Minimums for seat pitch, width, and length should be established by the FAA, according to section 577 of the act.

The act called for any action to be taken by the fall of 2019.

The FAA doesn't have a minimum size for seating on commercial planes.

The agency began collecting comments on minimum seat dimensions in 90 days. Between now and the 1st of November anyone can weigh in.


Concerns over safety and comfort

In its filing this week, the company acknowledged the need for passenger safety in the event of an evacuate or crash landing.

The organization pointed to the potential for deep vein thrombosis in flyers while on board, as well as comfort and intrusion into personal space, as concerns worsened by what they called "shrinking" airline seats.

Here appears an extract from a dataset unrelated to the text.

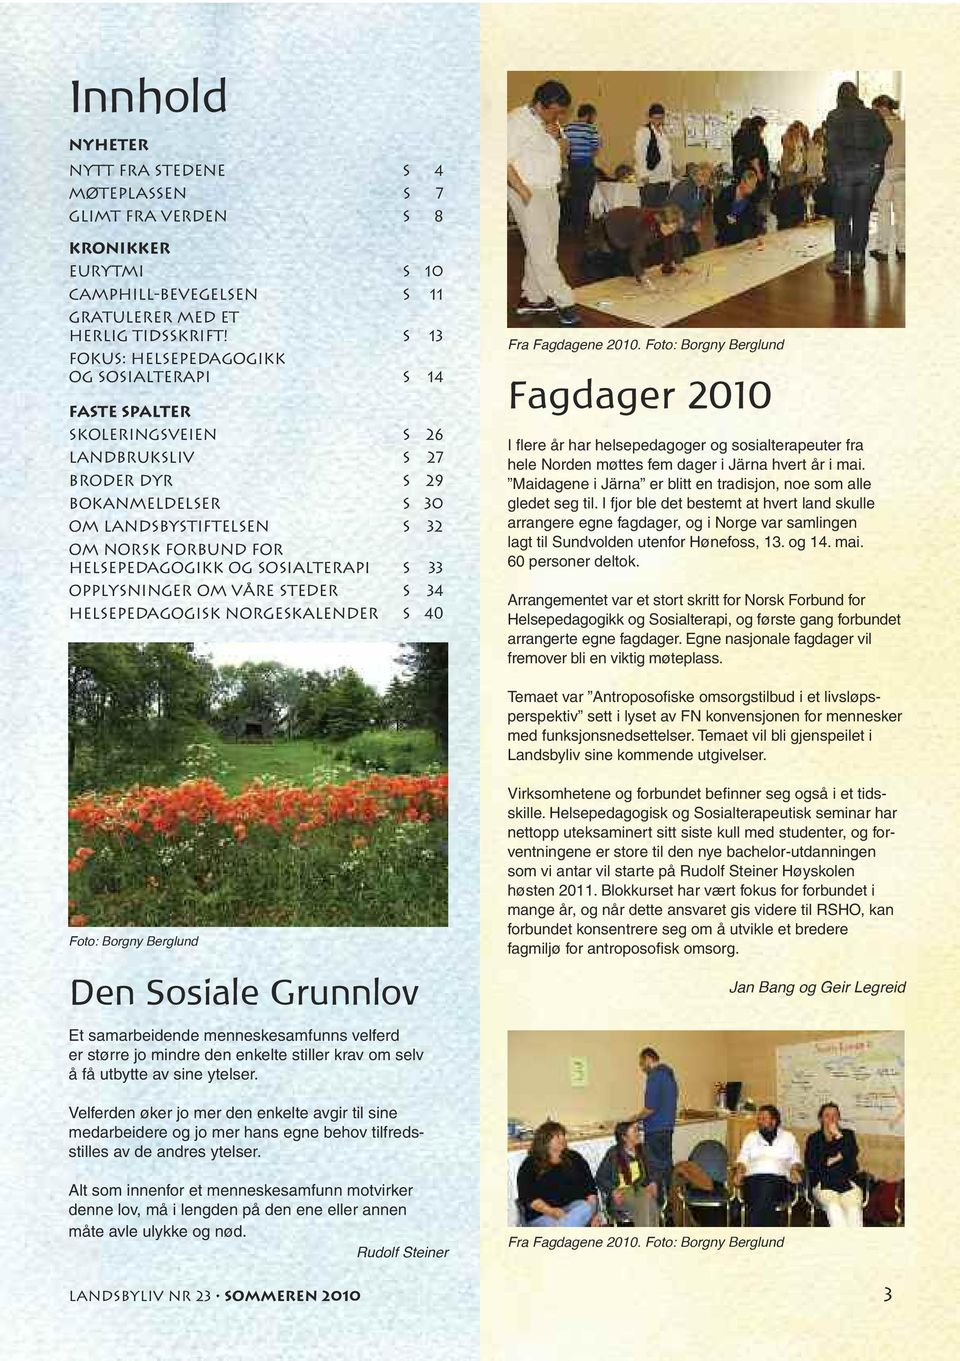 helsepedagogikk og sosialterapi s 33 opplysninger om våre steder s 34 helsepedagogisk norgeskalender s 40 Fra Fagdagene 2010.

In economy class, the pitch is usually 30 to 31 inches.

The comfort factors should be taken into account when considering the size of seats. As of now, the FAA is likely to focus more on safety and less on comfort.

The agency would be responsible for setting minimum-sizing requirements that are necessary for the safety of passengers.

When the agency began collecting comments about seat size this summer, it noted the request for comments was related to the safety of air passengers.

If the federal government wanted to mandating seat size, the U.S. airlines would probably oppose it.

Bottom line

Years after a federal act called for action on the issue of airline seat size and standards, the FAA is taking a look at the issue. The main focus is on safety. Air passenger advocates are concerned that any future rules will not go far enough.